§ **EXERCISE OBJECTIVE**
Please restate the material below word for word, from the first line through the one that contains "Classic Women’s Universal", inclusive.

§ **GIVEN ENTRIES**
------------------------------------------------------------------------

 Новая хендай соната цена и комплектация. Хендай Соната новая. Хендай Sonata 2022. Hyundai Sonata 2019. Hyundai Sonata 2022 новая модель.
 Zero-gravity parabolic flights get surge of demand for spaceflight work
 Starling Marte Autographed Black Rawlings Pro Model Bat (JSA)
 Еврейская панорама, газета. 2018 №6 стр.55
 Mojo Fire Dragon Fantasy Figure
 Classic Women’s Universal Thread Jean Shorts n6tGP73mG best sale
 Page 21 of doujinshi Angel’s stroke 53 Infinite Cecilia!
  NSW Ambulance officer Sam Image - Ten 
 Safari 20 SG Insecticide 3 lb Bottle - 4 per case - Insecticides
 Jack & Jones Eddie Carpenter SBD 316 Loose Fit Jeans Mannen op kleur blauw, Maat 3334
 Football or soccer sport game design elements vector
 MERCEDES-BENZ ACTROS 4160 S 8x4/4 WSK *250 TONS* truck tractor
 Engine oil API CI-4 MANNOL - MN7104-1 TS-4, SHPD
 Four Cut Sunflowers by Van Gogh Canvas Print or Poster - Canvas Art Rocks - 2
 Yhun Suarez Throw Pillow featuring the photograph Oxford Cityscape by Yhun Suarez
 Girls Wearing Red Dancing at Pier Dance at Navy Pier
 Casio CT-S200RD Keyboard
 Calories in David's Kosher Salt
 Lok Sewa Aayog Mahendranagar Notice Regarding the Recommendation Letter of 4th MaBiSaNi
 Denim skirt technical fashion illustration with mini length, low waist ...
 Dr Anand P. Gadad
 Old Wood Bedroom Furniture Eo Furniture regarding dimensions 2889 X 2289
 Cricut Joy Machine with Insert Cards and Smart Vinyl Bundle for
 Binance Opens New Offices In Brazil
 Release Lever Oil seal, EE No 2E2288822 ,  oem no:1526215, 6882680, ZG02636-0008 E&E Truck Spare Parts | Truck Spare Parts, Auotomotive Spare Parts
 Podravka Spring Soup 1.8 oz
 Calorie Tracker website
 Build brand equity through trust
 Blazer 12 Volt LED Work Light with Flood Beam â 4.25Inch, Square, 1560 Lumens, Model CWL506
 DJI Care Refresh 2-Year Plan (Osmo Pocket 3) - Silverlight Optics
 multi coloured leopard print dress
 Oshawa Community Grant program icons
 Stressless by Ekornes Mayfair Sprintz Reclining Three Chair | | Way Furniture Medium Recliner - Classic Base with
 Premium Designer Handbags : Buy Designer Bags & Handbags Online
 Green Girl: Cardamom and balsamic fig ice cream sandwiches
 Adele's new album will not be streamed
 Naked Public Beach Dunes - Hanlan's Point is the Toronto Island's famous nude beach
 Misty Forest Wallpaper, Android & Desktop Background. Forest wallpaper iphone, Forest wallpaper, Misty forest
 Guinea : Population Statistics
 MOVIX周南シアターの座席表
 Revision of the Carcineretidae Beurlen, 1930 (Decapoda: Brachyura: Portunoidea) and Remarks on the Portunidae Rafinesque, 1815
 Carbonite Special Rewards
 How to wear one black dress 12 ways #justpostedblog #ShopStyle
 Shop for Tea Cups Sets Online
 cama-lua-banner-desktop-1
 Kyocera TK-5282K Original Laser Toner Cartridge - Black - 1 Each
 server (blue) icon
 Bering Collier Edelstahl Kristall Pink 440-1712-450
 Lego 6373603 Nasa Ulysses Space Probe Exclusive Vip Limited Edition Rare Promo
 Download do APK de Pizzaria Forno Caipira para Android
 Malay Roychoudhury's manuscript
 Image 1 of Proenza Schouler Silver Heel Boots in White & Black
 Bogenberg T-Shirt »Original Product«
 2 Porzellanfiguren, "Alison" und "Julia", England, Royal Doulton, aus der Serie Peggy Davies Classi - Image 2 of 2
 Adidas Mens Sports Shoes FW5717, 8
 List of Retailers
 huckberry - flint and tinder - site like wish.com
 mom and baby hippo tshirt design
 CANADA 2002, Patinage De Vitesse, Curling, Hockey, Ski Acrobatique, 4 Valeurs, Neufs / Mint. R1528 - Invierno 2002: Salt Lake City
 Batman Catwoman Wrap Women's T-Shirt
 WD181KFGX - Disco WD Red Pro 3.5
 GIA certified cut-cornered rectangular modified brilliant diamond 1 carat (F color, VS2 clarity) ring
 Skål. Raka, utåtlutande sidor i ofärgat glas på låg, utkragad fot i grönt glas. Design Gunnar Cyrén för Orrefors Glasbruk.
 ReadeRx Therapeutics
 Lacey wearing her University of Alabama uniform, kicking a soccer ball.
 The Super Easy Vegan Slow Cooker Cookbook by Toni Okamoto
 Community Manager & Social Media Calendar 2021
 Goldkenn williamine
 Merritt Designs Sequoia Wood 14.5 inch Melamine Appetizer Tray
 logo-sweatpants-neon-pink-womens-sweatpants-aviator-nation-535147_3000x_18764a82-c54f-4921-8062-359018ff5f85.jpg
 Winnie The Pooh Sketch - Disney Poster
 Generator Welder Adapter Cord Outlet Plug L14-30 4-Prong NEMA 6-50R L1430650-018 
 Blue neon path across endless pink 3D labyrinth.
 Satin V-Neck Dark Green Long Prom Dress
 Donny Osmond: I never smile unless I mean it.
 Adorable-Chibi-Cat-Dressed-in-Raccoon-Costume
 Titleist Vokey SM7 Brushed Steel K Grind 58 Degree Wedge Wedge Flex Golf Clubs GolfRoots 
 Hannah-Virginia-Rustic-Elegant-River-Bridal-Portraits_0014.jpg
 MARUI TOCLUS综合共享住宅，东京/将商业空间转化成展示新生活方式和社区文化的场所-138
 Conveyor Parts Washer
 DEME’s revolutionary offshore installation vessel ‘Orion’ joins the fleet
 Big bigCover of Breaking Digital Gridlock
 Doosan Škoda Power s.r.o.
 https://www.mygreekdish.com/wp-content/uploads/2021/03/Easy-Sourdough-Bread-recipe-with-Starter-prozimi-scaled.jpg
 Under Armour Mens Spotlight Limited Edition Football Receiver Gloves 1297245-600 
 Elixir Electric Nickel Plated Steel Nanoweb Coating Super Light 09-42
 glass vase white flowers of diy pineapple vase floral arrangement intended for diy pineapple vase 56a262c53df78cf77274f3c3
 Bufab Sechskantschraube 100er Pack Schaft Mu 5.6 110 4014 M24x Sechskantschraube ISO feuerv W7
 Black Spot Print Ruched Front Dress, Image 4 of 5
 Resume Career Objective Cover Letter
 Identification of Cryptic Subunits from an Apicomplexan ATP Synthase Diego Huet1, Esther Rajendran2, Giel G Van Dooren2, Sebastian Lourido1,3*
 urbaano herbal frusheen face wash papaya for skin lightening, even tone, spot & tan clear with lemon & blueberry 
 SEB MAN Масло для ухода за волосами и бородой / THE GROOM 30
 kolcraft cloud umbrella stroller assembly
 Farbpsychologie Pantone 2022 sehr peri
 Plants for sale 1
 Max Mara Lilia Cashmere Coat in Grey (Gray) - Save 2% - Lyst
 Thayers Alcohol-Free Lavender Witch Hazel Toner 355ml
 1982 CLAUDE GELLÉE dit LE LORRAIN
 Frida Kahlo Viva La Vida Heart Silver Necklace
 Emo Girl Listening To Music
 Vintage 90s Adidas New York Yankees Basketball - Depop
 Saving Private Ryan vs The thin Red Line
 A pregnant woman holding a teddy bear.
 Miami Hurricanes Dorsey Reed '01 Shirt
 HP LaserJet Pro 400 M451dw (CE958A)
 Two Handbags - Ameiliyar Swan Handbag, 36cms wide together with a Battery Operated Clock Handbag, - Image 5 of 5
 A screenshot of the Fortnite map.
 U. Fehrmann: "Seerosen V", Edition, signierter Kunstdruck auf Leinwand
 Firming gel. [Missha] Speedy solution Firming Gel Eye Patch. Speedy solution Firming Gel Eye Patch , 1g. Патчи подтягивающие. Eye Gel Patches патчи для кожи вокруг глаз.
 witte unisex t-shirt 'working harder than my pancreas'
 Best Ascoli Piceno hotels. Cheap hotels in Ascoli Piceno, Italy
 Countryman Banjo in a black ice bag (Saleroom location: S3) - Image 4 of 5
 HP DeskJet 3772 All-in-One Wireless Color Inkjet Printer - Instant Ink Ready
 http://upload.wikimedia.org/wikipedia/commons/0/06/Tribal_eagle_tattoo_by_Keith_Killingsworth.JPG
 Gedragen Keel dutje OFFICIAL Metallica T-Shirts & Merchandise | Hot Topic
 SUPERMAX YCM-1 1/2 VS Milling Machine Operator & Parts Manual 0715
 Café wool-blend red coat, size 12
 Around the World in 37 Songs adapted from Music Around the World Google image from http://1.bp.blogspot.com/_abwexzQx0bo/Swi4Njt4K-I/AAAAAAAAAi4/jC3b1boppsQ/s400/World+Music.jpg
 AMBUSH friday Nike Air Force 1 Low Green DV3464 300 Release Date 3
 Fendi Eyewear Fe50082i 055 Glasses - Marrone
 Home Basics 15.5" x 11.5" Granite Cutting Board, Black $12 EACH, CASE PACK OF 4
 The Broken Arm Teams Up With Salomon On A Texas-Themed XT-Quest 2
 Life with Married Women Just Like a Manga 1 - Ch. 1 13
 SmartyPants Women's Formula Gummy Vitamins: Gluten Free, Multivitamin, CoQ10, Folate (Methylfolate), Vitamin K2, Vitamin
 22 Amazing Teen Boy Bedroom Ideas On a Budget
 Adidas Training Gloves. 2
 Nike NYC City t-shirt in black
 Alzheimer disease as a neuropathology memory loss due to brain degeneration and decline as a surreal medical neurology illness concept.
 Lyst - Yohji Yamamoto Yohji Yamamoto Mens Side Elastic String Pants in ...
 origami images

------------------------------------------------------------------------

§ **RESPONSE TO THIS TASK**
 Новая хендай соната цена и комплектация. Хендай Соната новая. Хендай Sonata 2022. Hyundai Sonata 2019. Hyundai Sonata 2022 новая модель.
 Zero-gravity parabolic flights get surge of demand for spaceflight work
 Starling Marte Autographed Black Rawlings Pro Model Bat (JSA)
 Еврейская панорама, газета. 2018 №6 стр.55
 Mojo Fire Dragon Fantasy Figure
 Classic Women’s Universal Thread Jean Shorts n6tGP73mG best sale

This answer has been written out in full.